Un procès a été requis contre Eric Dupond-Moretti, ministre de la justice, soupçonné de « prise illégale d’intérêts »
Le ministère public de la Cour de justice de la République a demandé le renvoi devant la Cour du garde des sceaux, accusé d’avoir profité de sa fonction pour régler ses comptes avec des magistrats.
L’affaire Dupond-Moretti pourrait se traduire devant les tribunaux. Le ministère public de la Cour de justice de la République (CJR) a annoncé, mardi 10 mai, avoir requis le renvoi devant la Cour de l’actuel garde des sceaux, Eric Dupond-Moretti, mis en examen pour « prise illégale d’intérêts ». L’ancien avocat est soupçonné d’avoir profité de sa fonction gouvernementale pour régler des comptes avec des magistrats avec lesquels il avait eu maille à partir quand il était conseil dans deux dossiers, ce qu’il nie.
Selon un communiqué du parquet général près la Cour de cassation, le ministère public a jugé qu’il existait des « charges suffisantes » contre le ministre pour le renvoyer en procès devant la formation de jugement de la CJR, seule juridiction habilitée à poursuivre et à juger les membres du gouvernement pour les crimes et délits commis « dans l’exercice de leurs fonctions ».
La décision finale sur un éventuel renvoi du ministre devant la formation de jugement de la CJR appartient, désormais, à la commission d’instruction de la CJR. Eric Dupond-Moretti, nommé au gouvernement à l’été 2020, est mis en examen pour des faits de prise illégale d’intérêts depuis juillet 2021. Convoqué en mars et en avril par les magistrats de la CJR sur les deux dossiers, il a refusé de répondre à leurs questions.
« Méthodes de barbouzes »
La commission d’instruction de la CJR a ouvert en janvier 2021 une information judiciaire pour « prise illégale d’intérêts » après avoir jugé recevables les plaintes de trois syndicats de magistrats et de l’association Anticor dénonçant des situations de conflit d’intérêts dans deux dossiers.
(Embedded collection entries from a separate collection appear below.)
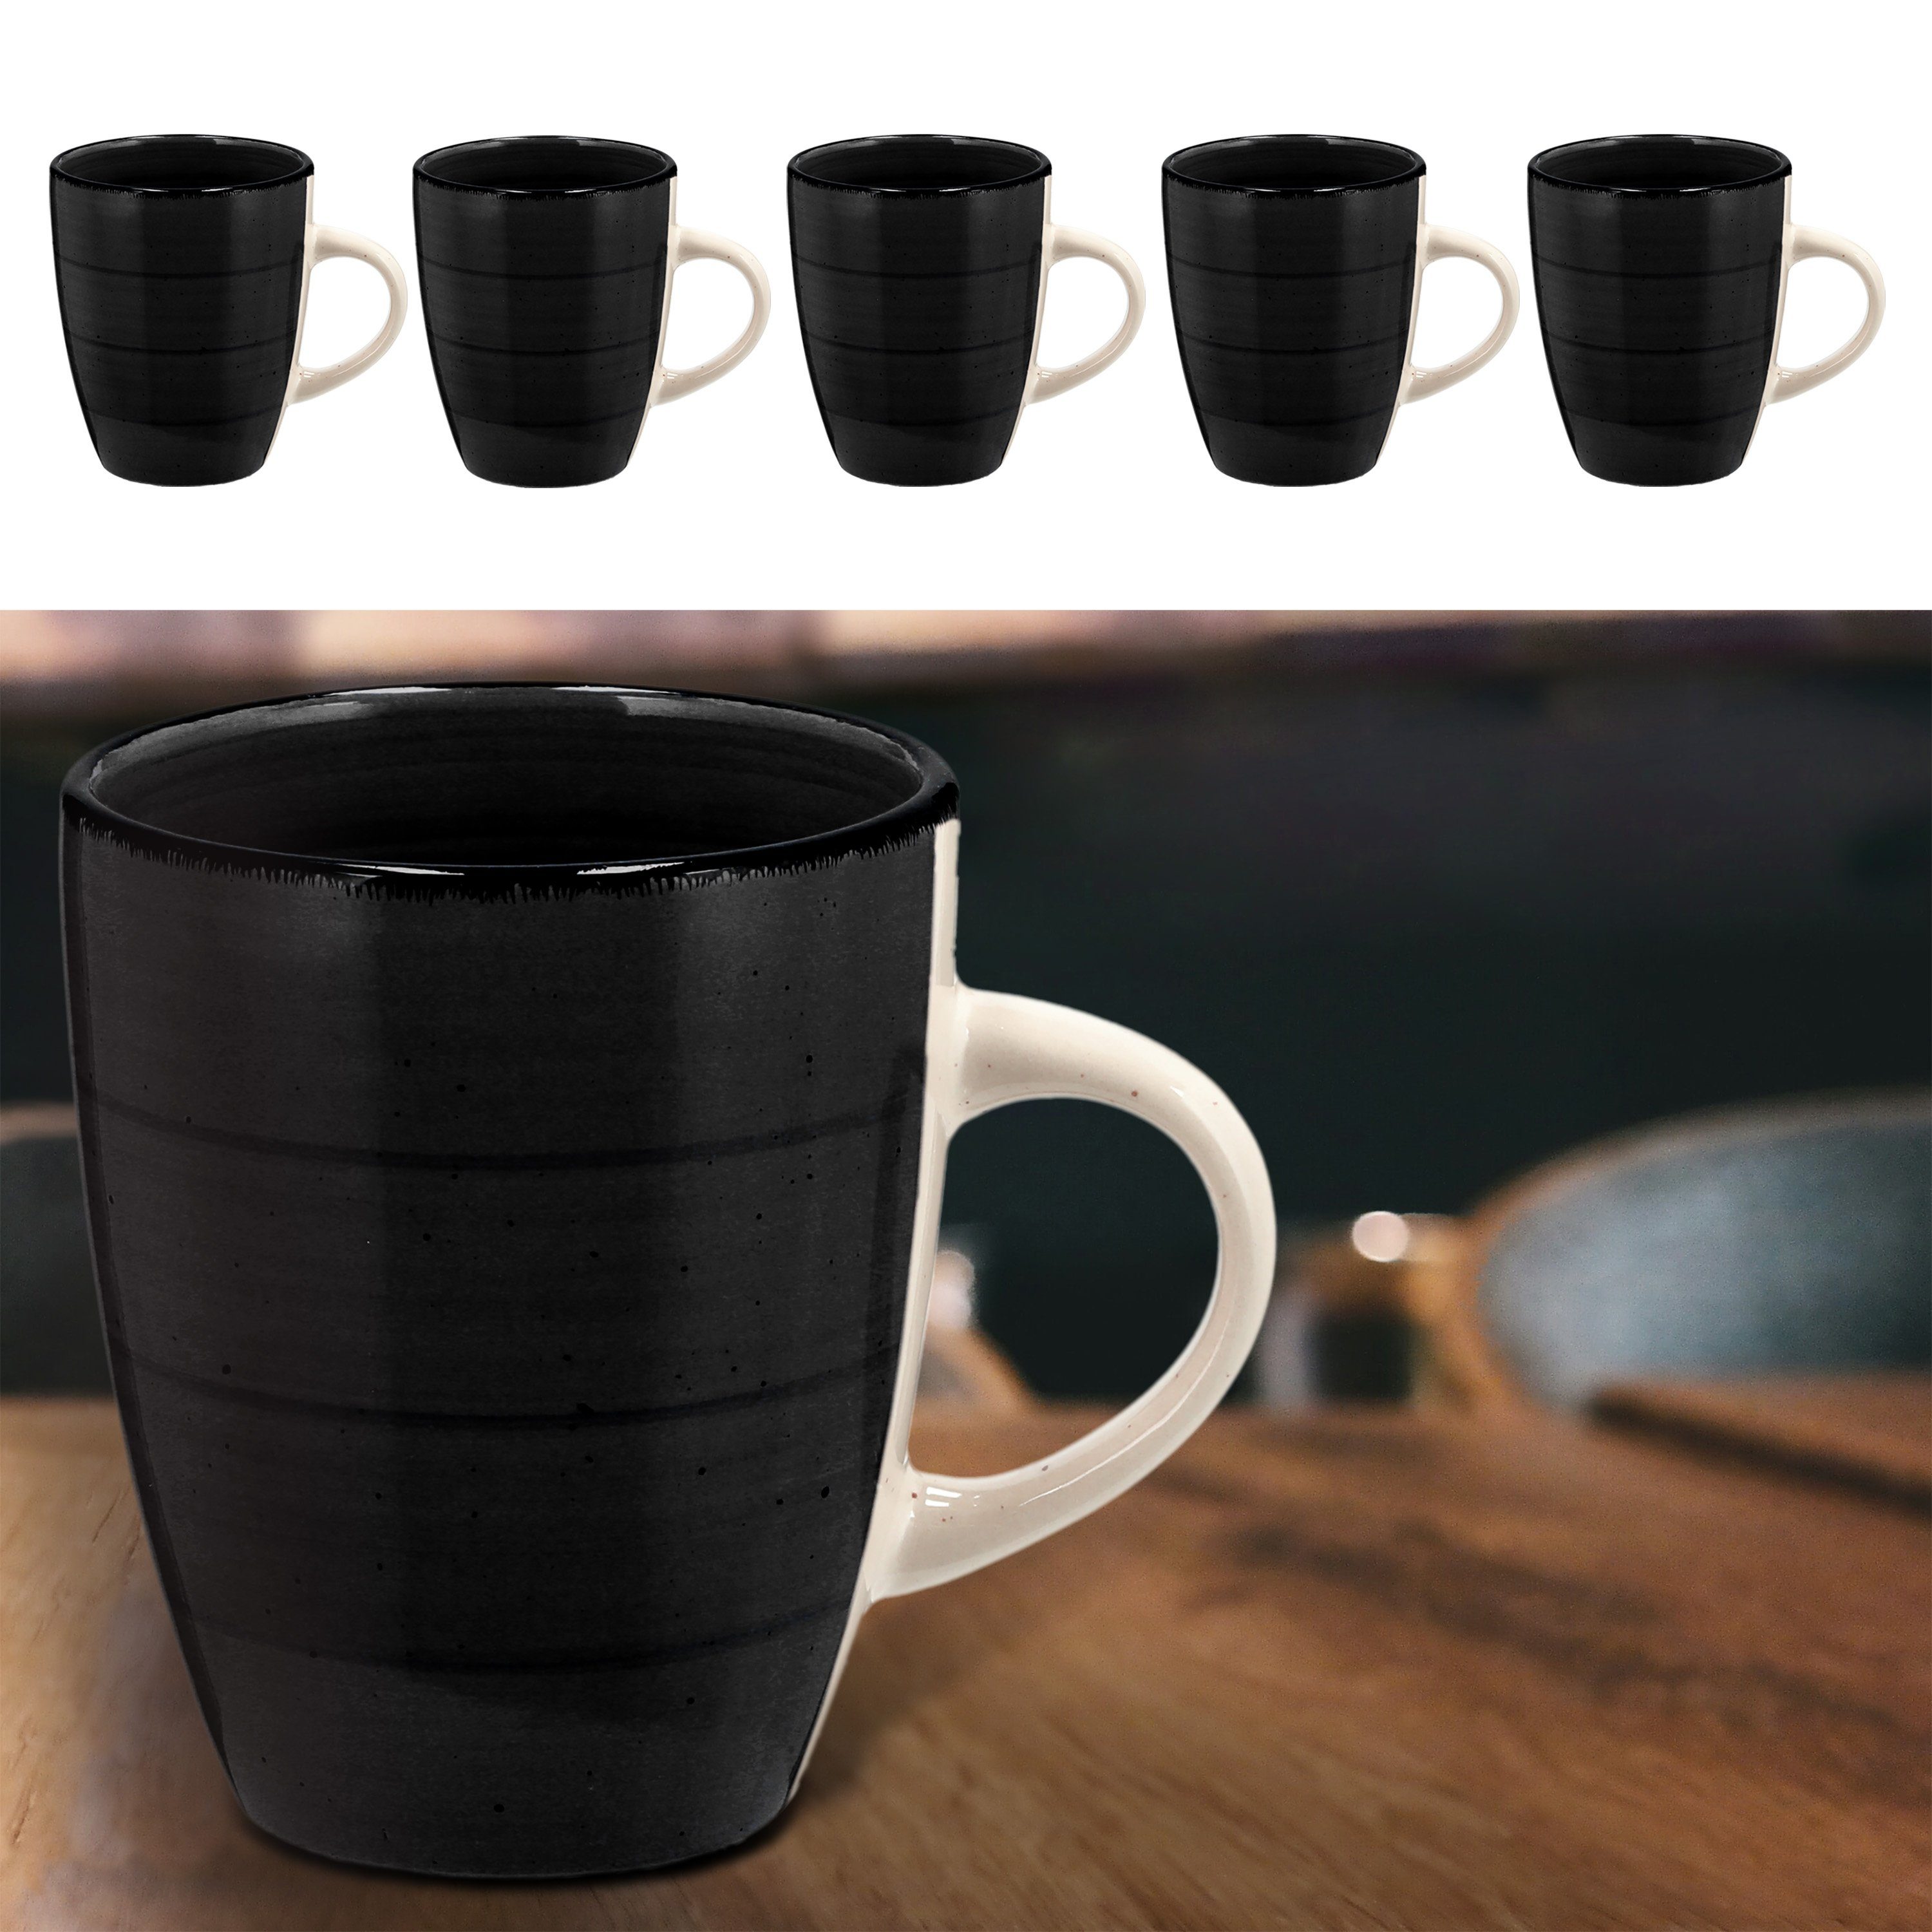 CEPEWA Tasse Kaffeebecher Steingut schwarz 360ml Set Becher 9x11cm 6er Tasse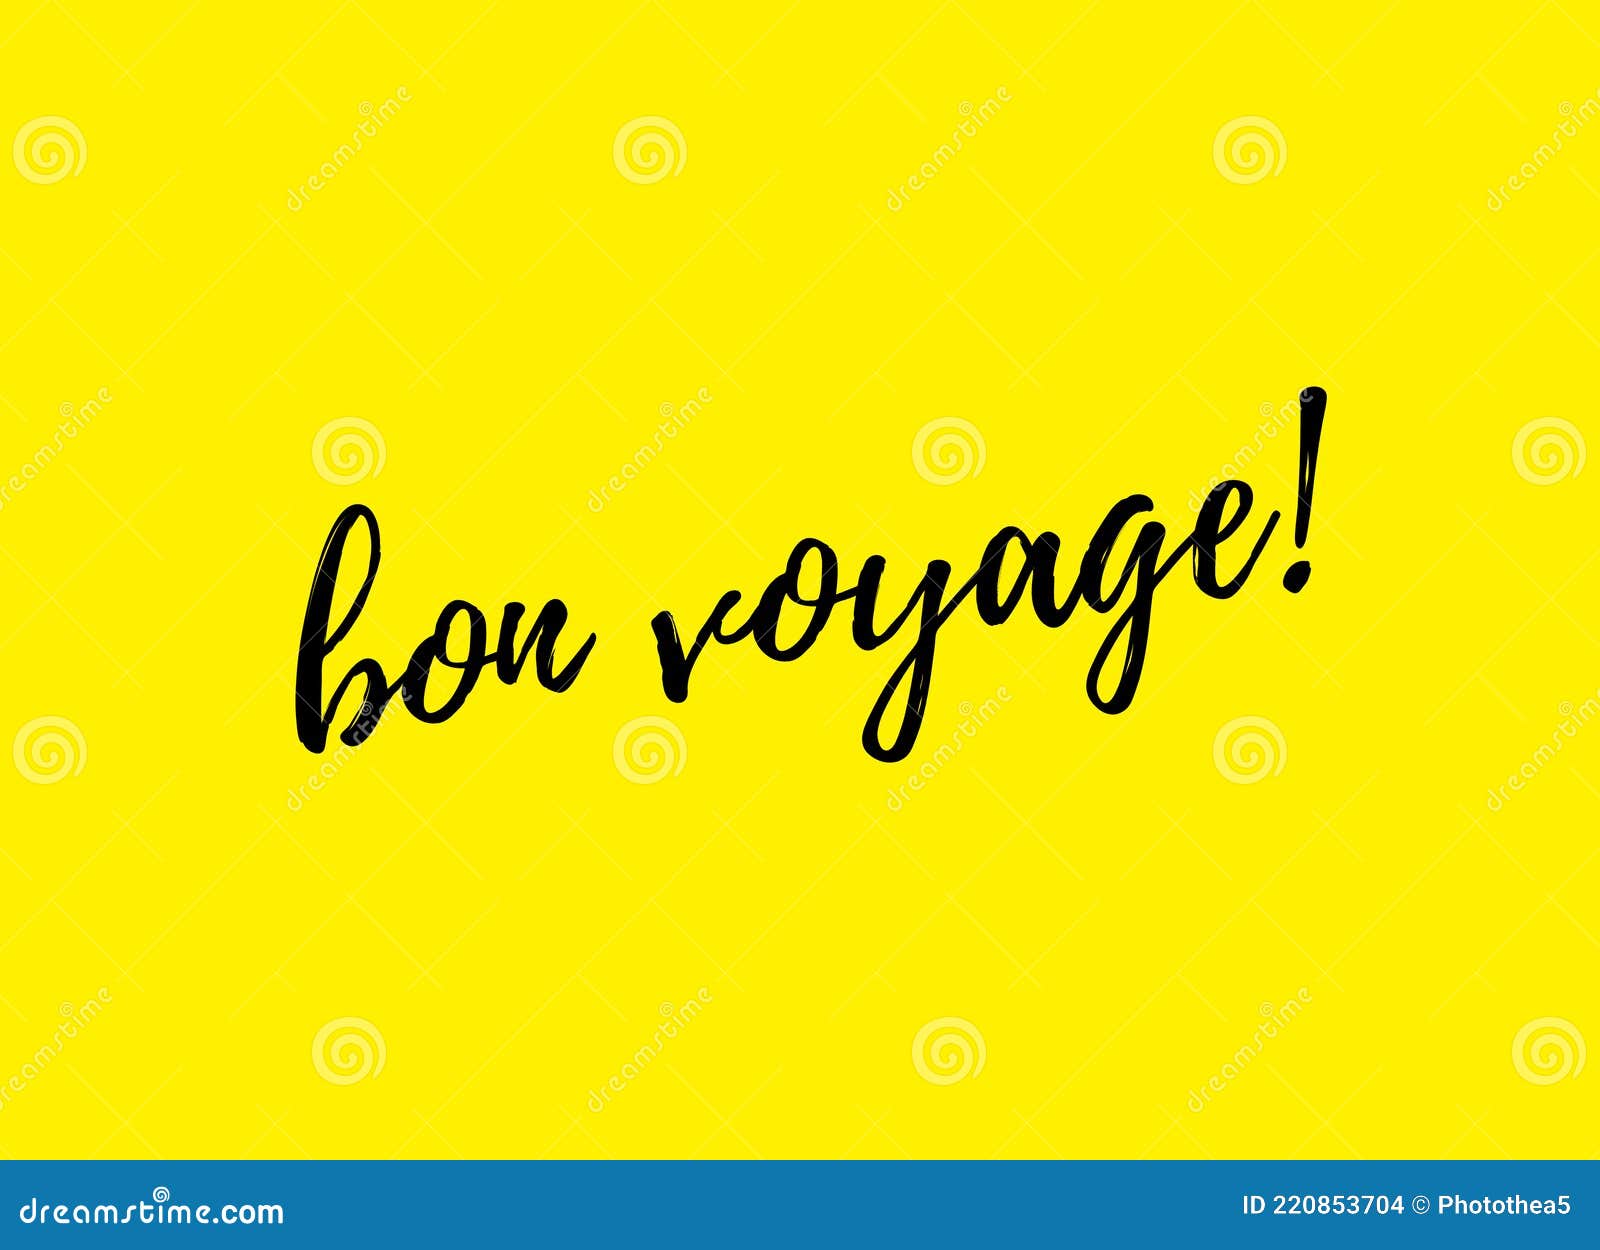 bon voyage language of origin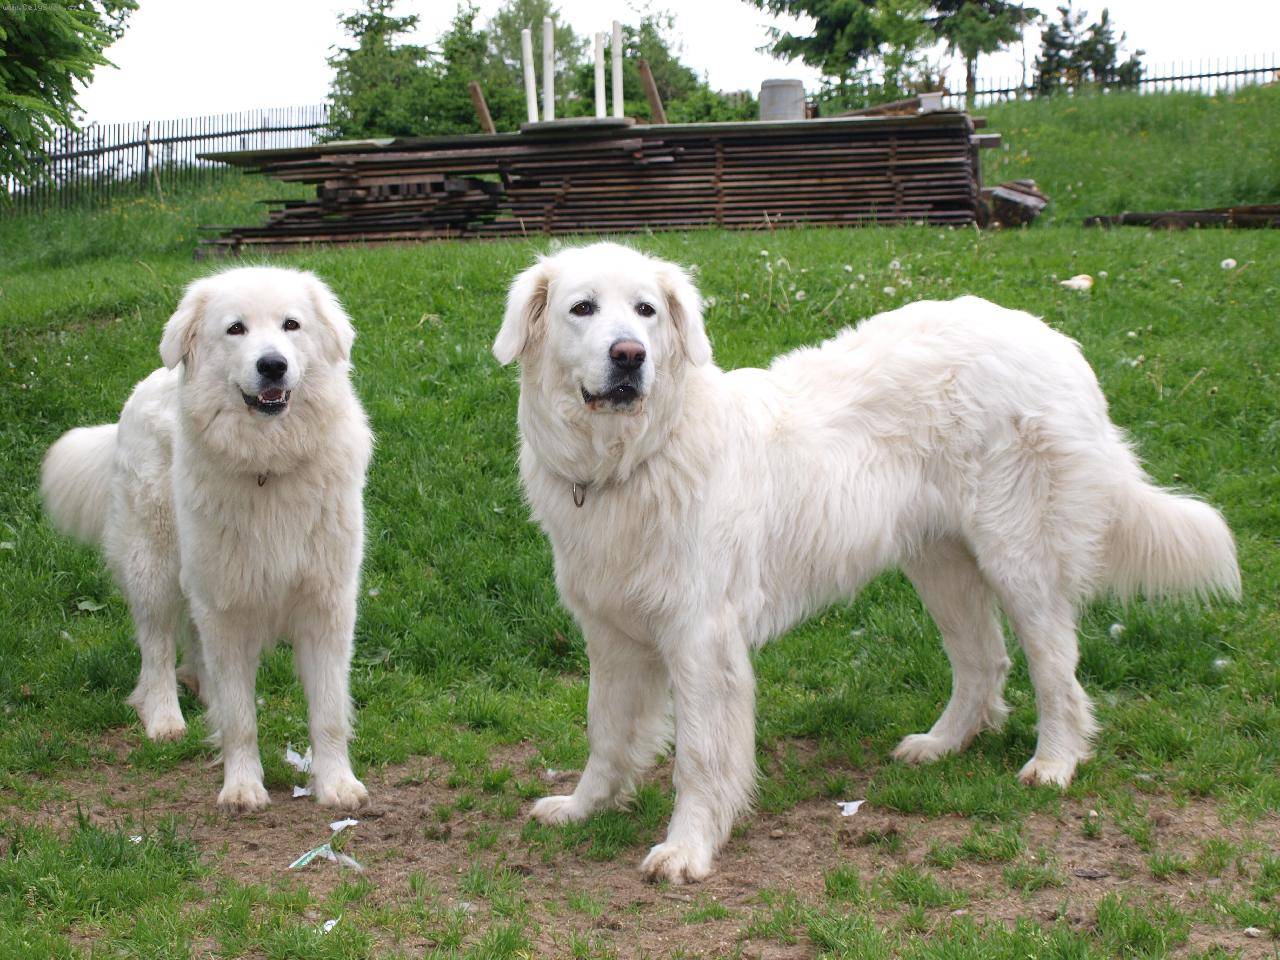 Словацкий чувач (кувач): фото породы собак, описание характера

Le premier concerne l’enquête administrative ordonnée en septembre 2020 par le garde des sceaux contre trois magistrats du Parquet national financier (PNF) qui avaient fait éplucher ses relevés téléphoniques détaillés (fadettes) quand il était encore une star des prétoires. Le PNF cherchait alors à débusquer une taupe ayant pu informer Nicolas Sarkozy et son conseil Thierry Herzog – un ami de M. Dupond-Moretti – qu’ils étaient sur écoute dans l’affaire de corruption dite « Paul Bismuth », pseudonyme utilisé par l’ancien chef d’Etat pour utiliser une ligne téléphonique distincte de celle à son nom.
Vilipendant ce qu’il avait qualifié de « méthodes de barbouzes » du parquet anticorruption, M. Dupond-Moretti avait déposé une plainte, avant de la retirer au soir de sa nomination comme garde des sceaux, le 6 juillet 2020.
Dans le second dossier, il est reproché au ministre d’avoir diligenté des poursuites administratives contre un ancien juge d’instruction détaché à Monaco, Edouard Levrault, qui avait mis en examen un de ses ex-clients et dont M. Dupond-Moretti avait critiqué les méthodes de « cow-boy » après que ce magistrat avait pris la parole dans un reportage.
Dupond-Moretti s’est toujours défendu de toute prise illégale d’intérêts, arguant qu’il n’avait fait que « suivre les recommandations »de son administration. Les potentiels conflits d’intérêts du nouveau garde des sceaux avaient cependant conduit à l’écarter du suivi de ses anciennes affaires, passé sous le contrôle de Matignon à la fin d’octobre 2020.